Из свинца воскресни!
Вернись!..
Отзовись скорей!
Мы должны быть вместе!..
За возвращение
Шаг для прощания.
Юрков Д. Вернись.
И снова ждала, опять молилась, плакала и просыпалась от кошмаров. Только теперь у меня был маленький ребенок, работа и… Тяжелая беременность. Врачи говорили, что мне нельзя нервничать, что мое давление может убить и меня и ребенка, грозились положить на сохранение, я отказывалась твердя:
- А дочку я на кого оставлю? Клавдия Михайловна уже не молода и я о них обеих забочусь!
Клавдия Михайловна же, следя за мной, чтобы я вовремя пила лекарства и хорошо питалась, стараясь тоже подрабатывать, чтобы я не так много работала, все время повторяла:
- Ничего, вот Женька вернется и все наладится. И сынишка здоровым будет и ты улыбаться, а не плакать!
Но жизнь, она жестока и редко балует нас счастьем. Похоронку принесли через сто двадцать семь дней. Четыре месяца и еще семь дней страха и ожидания, а потом раз и… Простите, его больше нет, даже тела показать не можем. Они попали в засаду. Выжившие еле ноги унесли. Тела погибших… Нам очень жаль, враг сбросил их в яму и сжег. Нам нечего вам показать. И ехать туда небезопасно.
Все это я узнала позже, выйдя из больницы, а тогда, увидев капитана с хмурым лицом и услышав, что Женя больше не вернется, я ощутила такую острую боль в сердце и животе, что просто потеряла сознание.
Очнулась уже без живота. На вопрос, что с моим малышом увидела, как врачи отводят глаза и все поняла. Я плакала по сыну, думая, что его отец так и не возьмет его на руки, не поведет на рыбалку и в зоопарк. Что со мной было в те несколько часов, какой маразм нашел, я до сих пор понять не могу.

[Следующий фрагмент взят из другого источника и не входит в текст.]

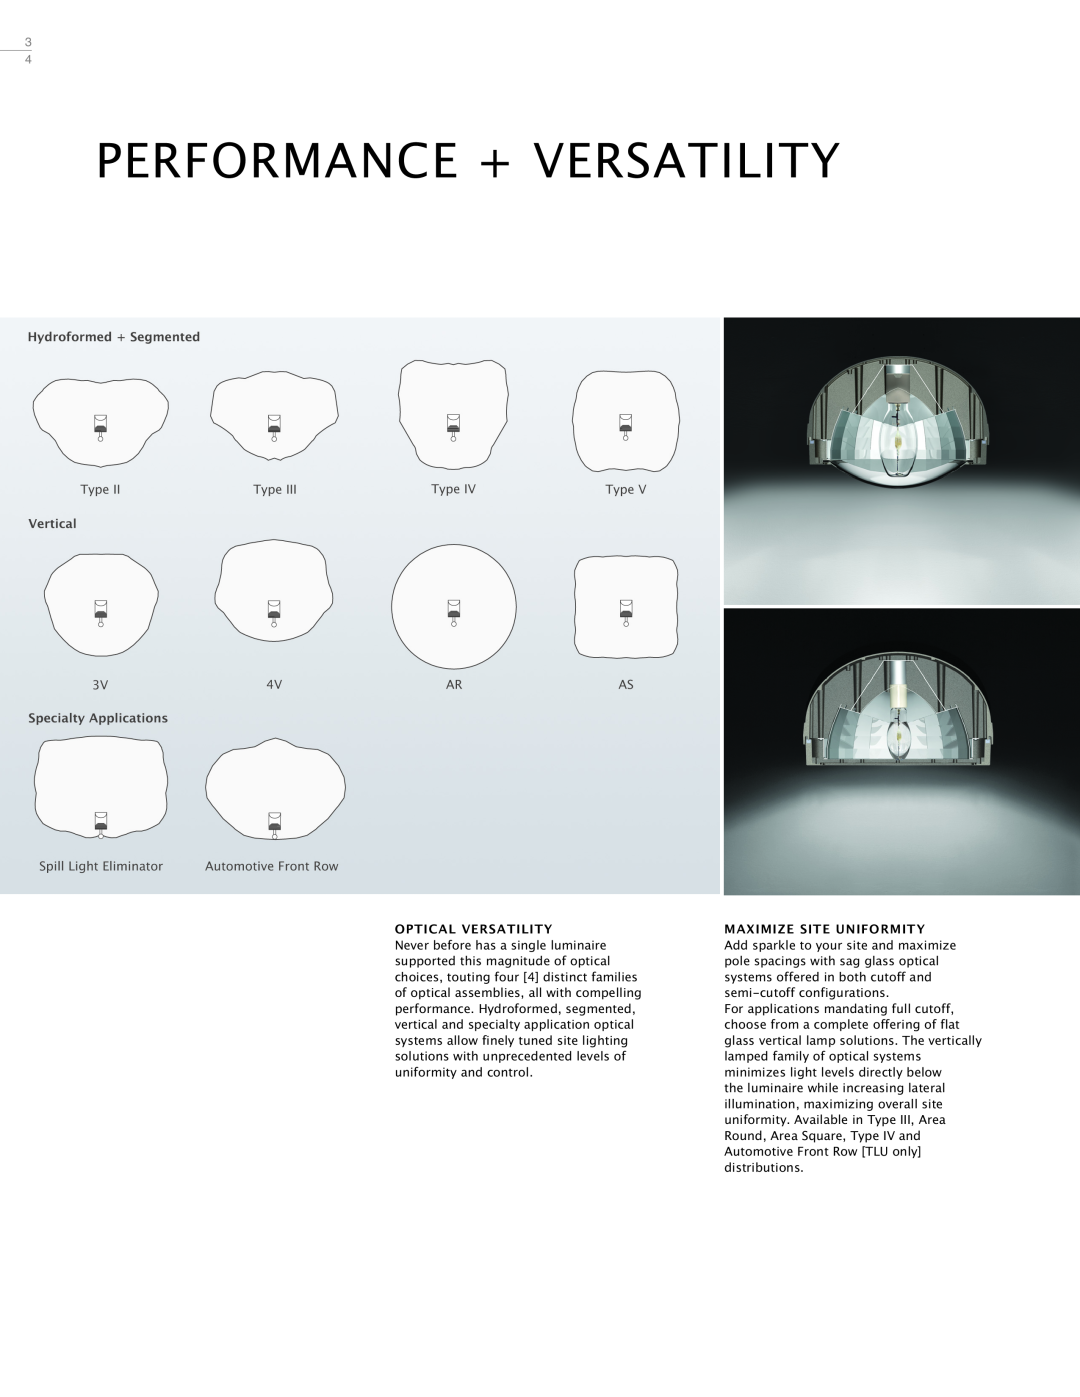 Cooper Lighting Area Luminaire manual Performance + Versatility, Optical Versatility, Maximize Site Uniformity 
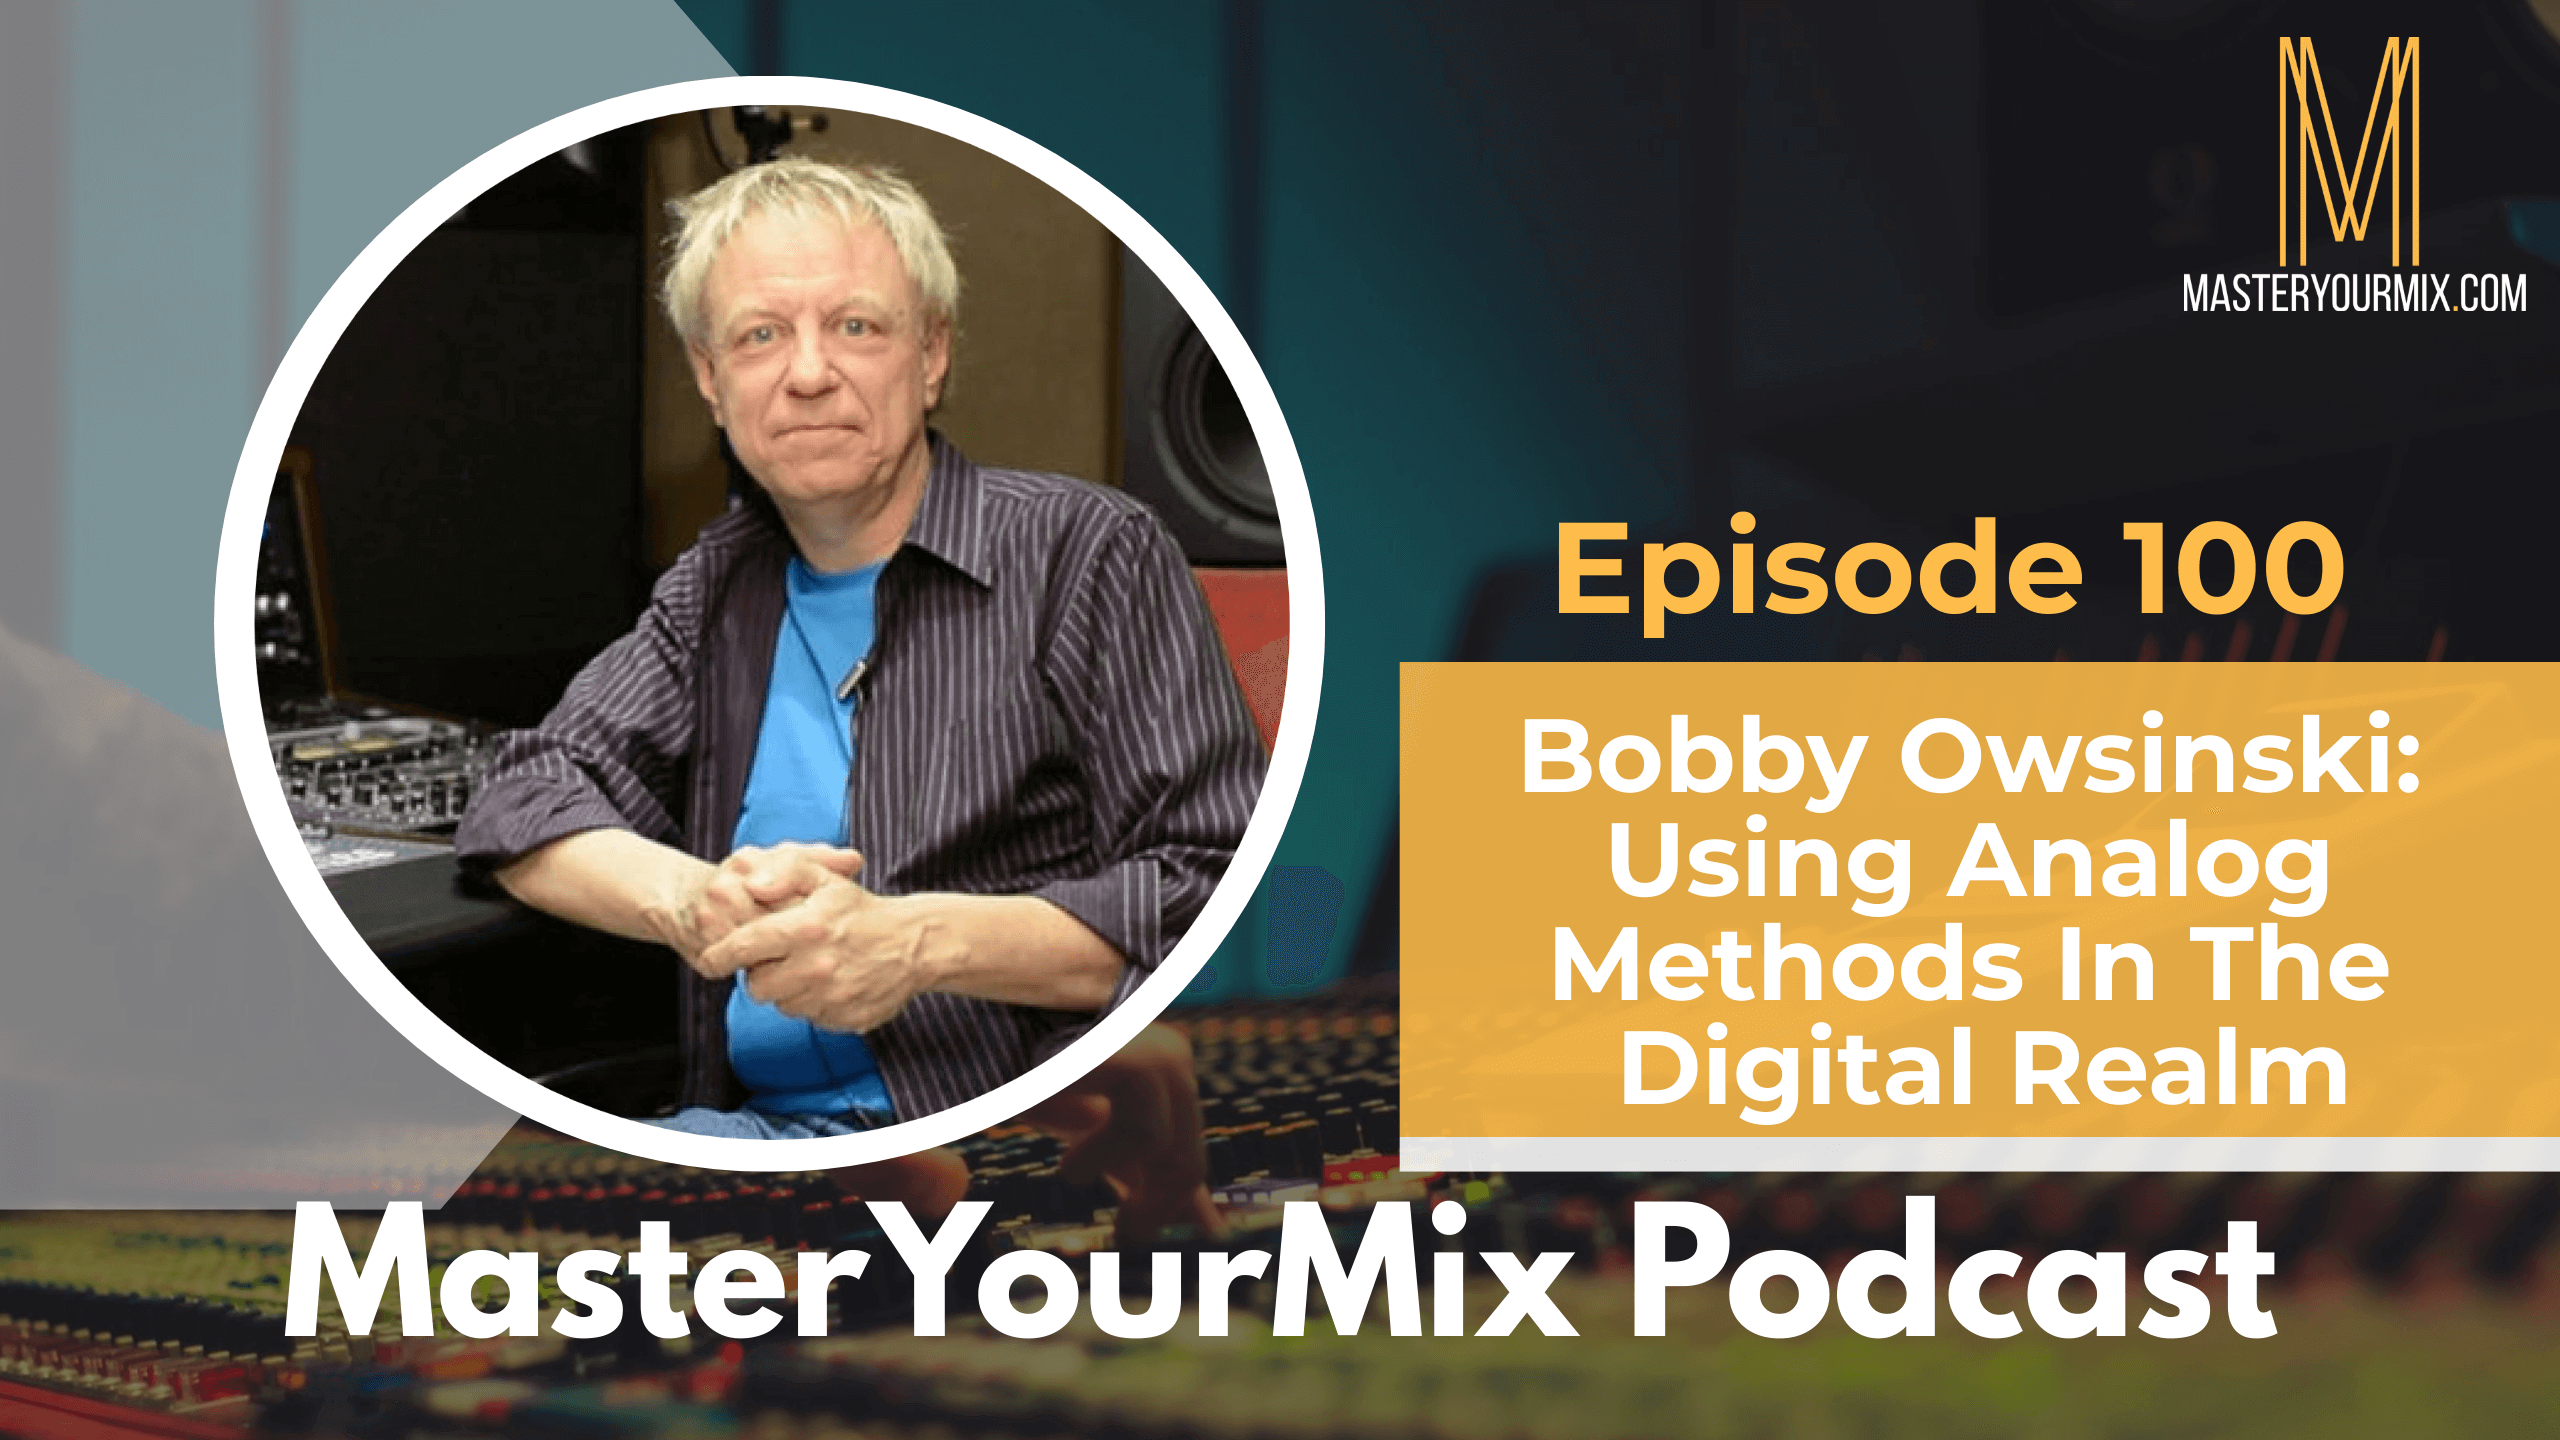 master your mix podcast ep 100, Bobby Owsinski

Я просто забыла о сообщении и лишь когда пришла Клавдия Михайловна с дочерью вдруг осознала. Он не вернется. Его просто больше нет.
Что было дальше, иначе, как истерикой не назовешь. Сестрички крестились и с ужасом смотрели на меня, а я, накачанная успокоительным, рыдала в голос, умоляя вернуть мне мужа.
Боль рвала меня изнутри и мне не хотелось жить, но опять же Клавдия Михайловна не дала мне окончательно расклеиться, дала оплеуху и рявкнула:
- Приди в себя! У тебя дочь осталась и ты ей нужна! Посмотри на нее, ты ее напугала до смерти! Думаешь, мой сын понял бы такое твое поведение, ты жена офицера, в конце-то концов!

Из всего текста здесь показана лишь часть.